TANGRAM 40

L’orchestra antimusulmana. Tutto comincia dai social media

Sintesi dell'articolo
«Die Brandreden der Tastaturhelden. Islamfeindliche Vernetzung: Soziale Medien als Ausgangspunkt» (tedesco)

Autor

Il sociologo Oliver Wäckerlig è dottorando al seminario di scienza delle religioni dell’Università di Zurigo. I suoi campi di ricerca sono l’ostilità verso i musulmani, la sociologia delle religioni e l’analisi delle reti sociali. oliver.waeckerlig@uzh.ch

Quando Pegida scende in strada contro «l’islamizzazione dell’Occidente», la mobilitazione passa da Facebook. Anche gli «identitari» utilizzano i social media per diffondere le immagini più spettacolari delle loro azioni propagandistiche – occupazioni simboliche di luoghi pubblici o tentativi di impedire il salvataggio di rifugiati nel Mediterraneo. Grazie a Facebook, Youtube, e Twitter e ai blog, bastano un minimo di organizzazione, poca spesa e poche conoscenze tecniche per allacciare contatti e diffondere informazioni su Internet.
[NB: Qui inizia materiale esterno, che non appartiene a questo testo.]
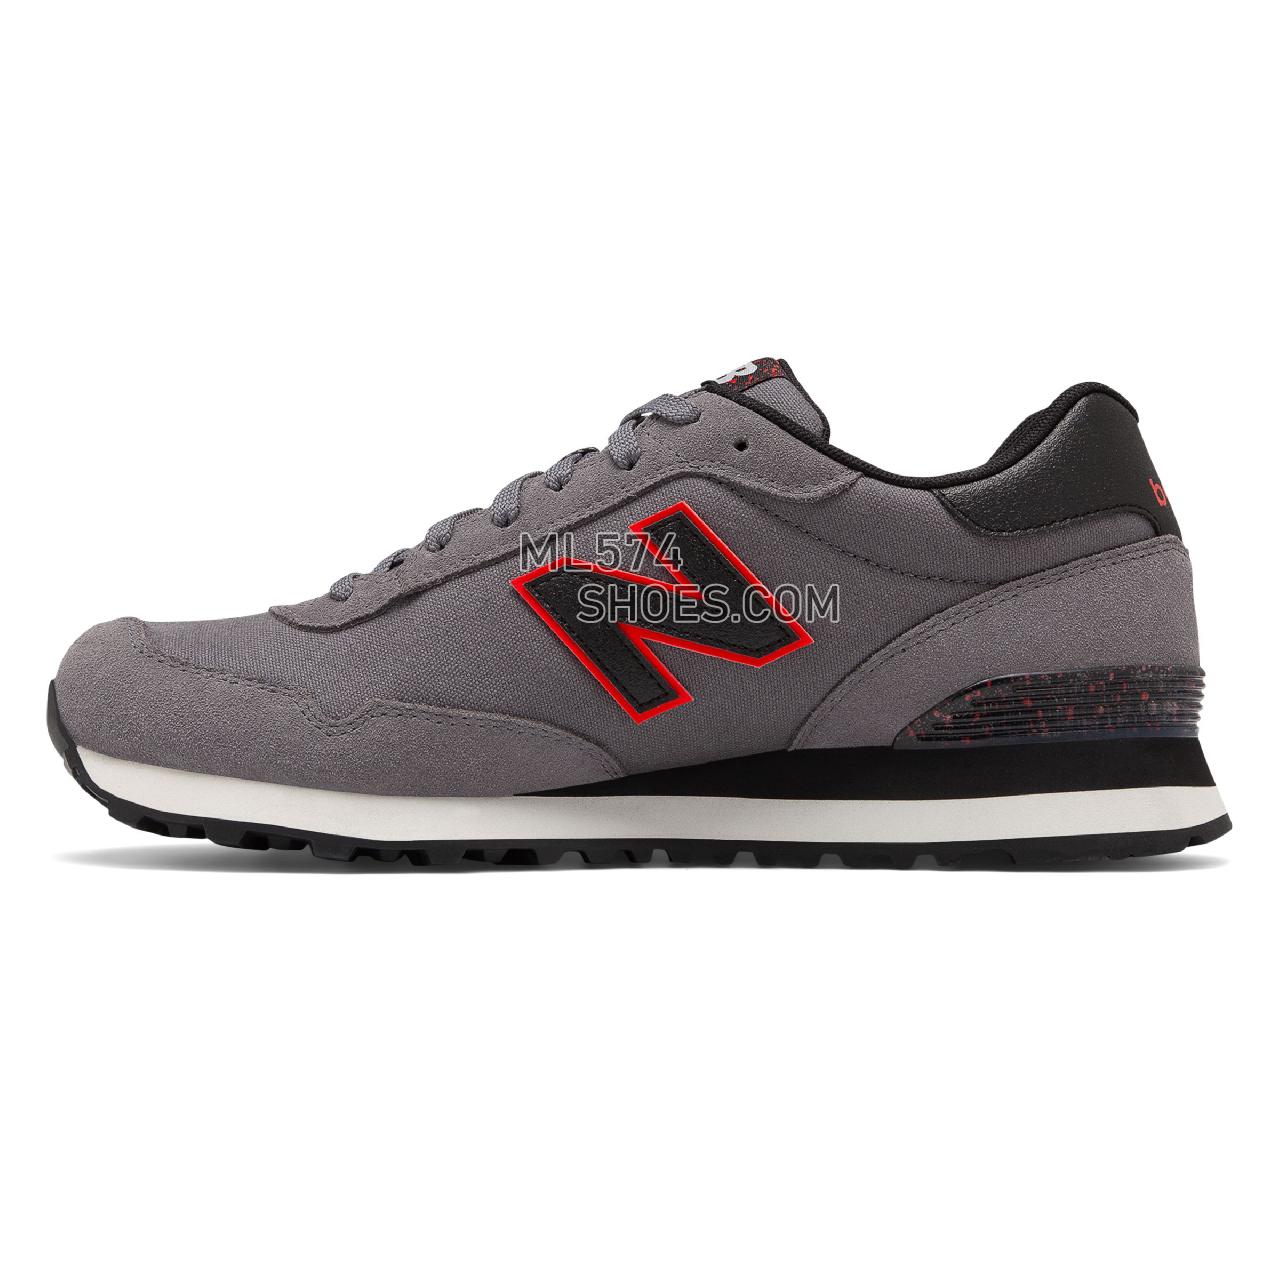 New Balance 515 Classic - Men's Sport Style Sneakers - Castlerock with Black and Velocity Red - ML515NBD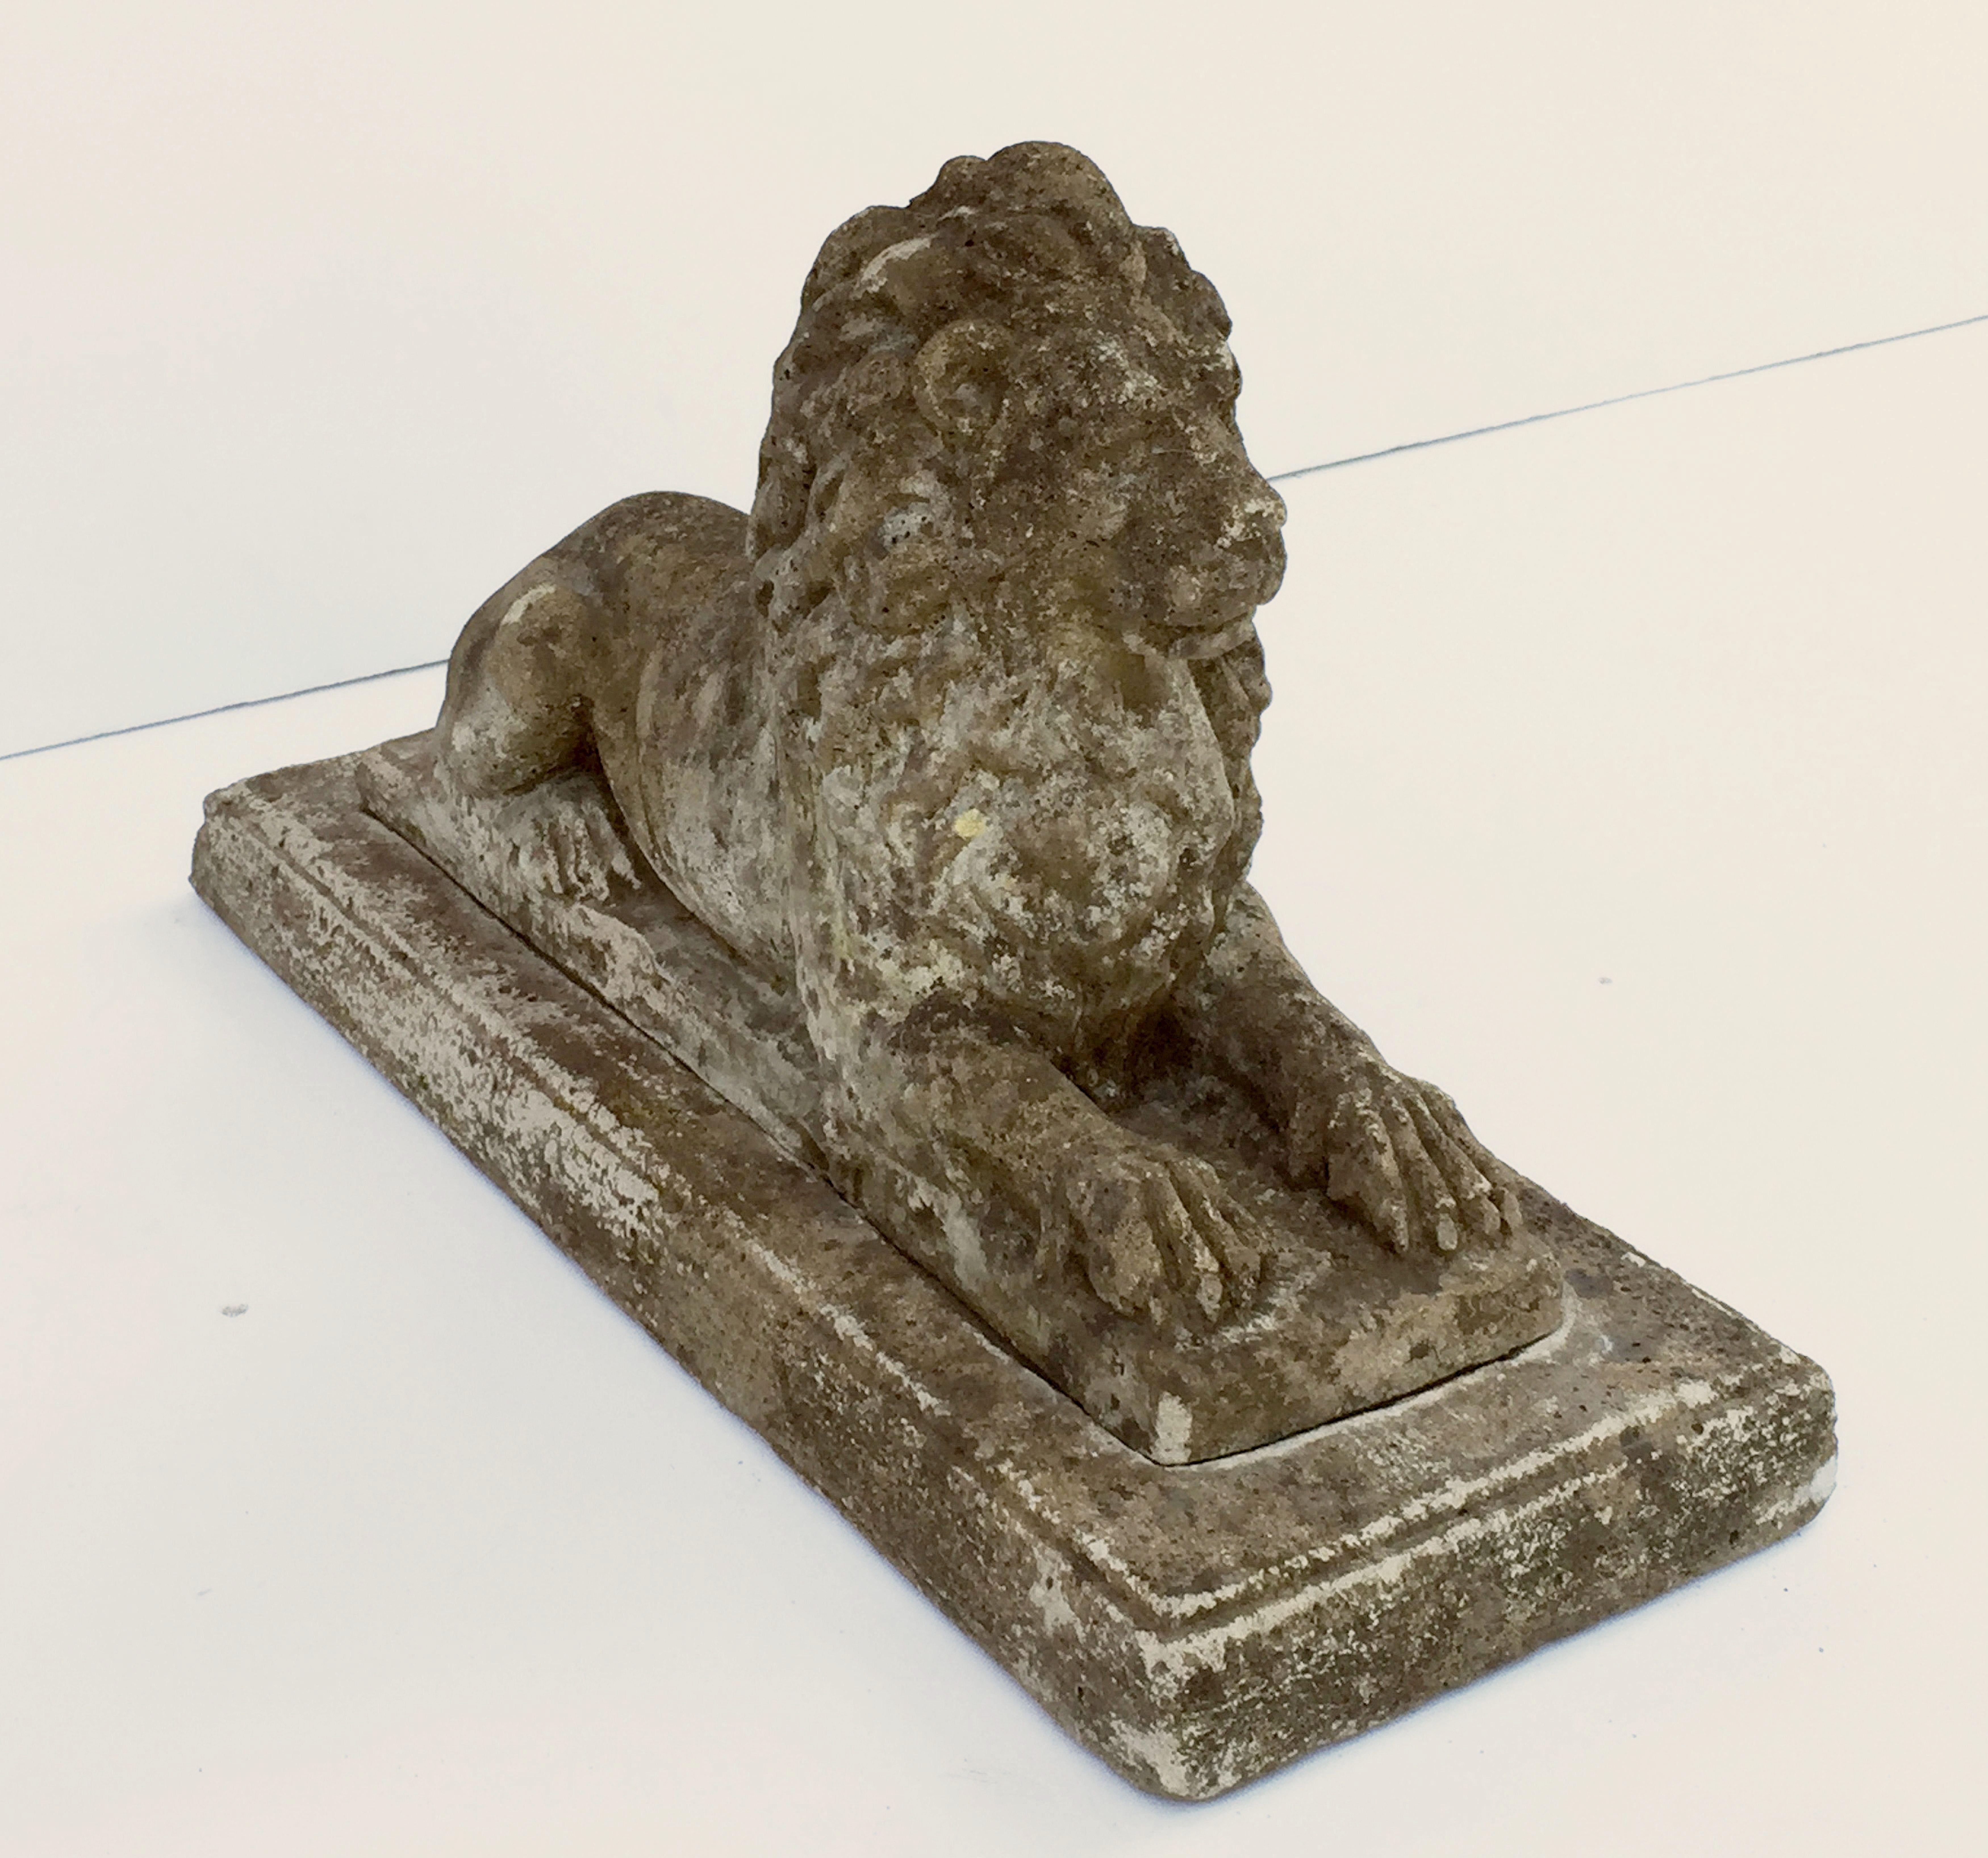 English Garden Stone Lions on Plinths 'Priced as a Pair' 6

Già da anni ormai il mondo digitale è la cassa di risonanza di un’accesa propaganda antislamica che soffia sul fuoco delle emozioni e semina diffidenza nei confronti dei musulmani. Attraverso i media sociali è chiaramente riconoscibile anche la collaborazione mediatica e organizzativa tra le due sponde dell’Atlantico di cui beneficia per esempio il politico olandese Geert Wilders.

Attraverso questi canali, le reti antimusulmane mondiali propagano teorie complottistiche su presunte intenzioni manipolatorie e imperialistiche dei musulmani di cui una società occidentale traumatizzata dagli attentati terroristici è facile preda e che hanno per esempio indotto Donald Trump a chiedere il divieto d’ingresso per i musulmani.

I provider di social media sono sempre più messi sotto pressione da opinione pubblica e politica, che chiedono loro di arginare e se possibile impedire la diffusione di notizie false (fake news) e l’istigazione all’odio. Resta da chiarire quali misure e strategie siano in grado di garantire sia il contenimento delle affermazioni discriminatorie che la possibilità di un confronto di idee ad armi pari.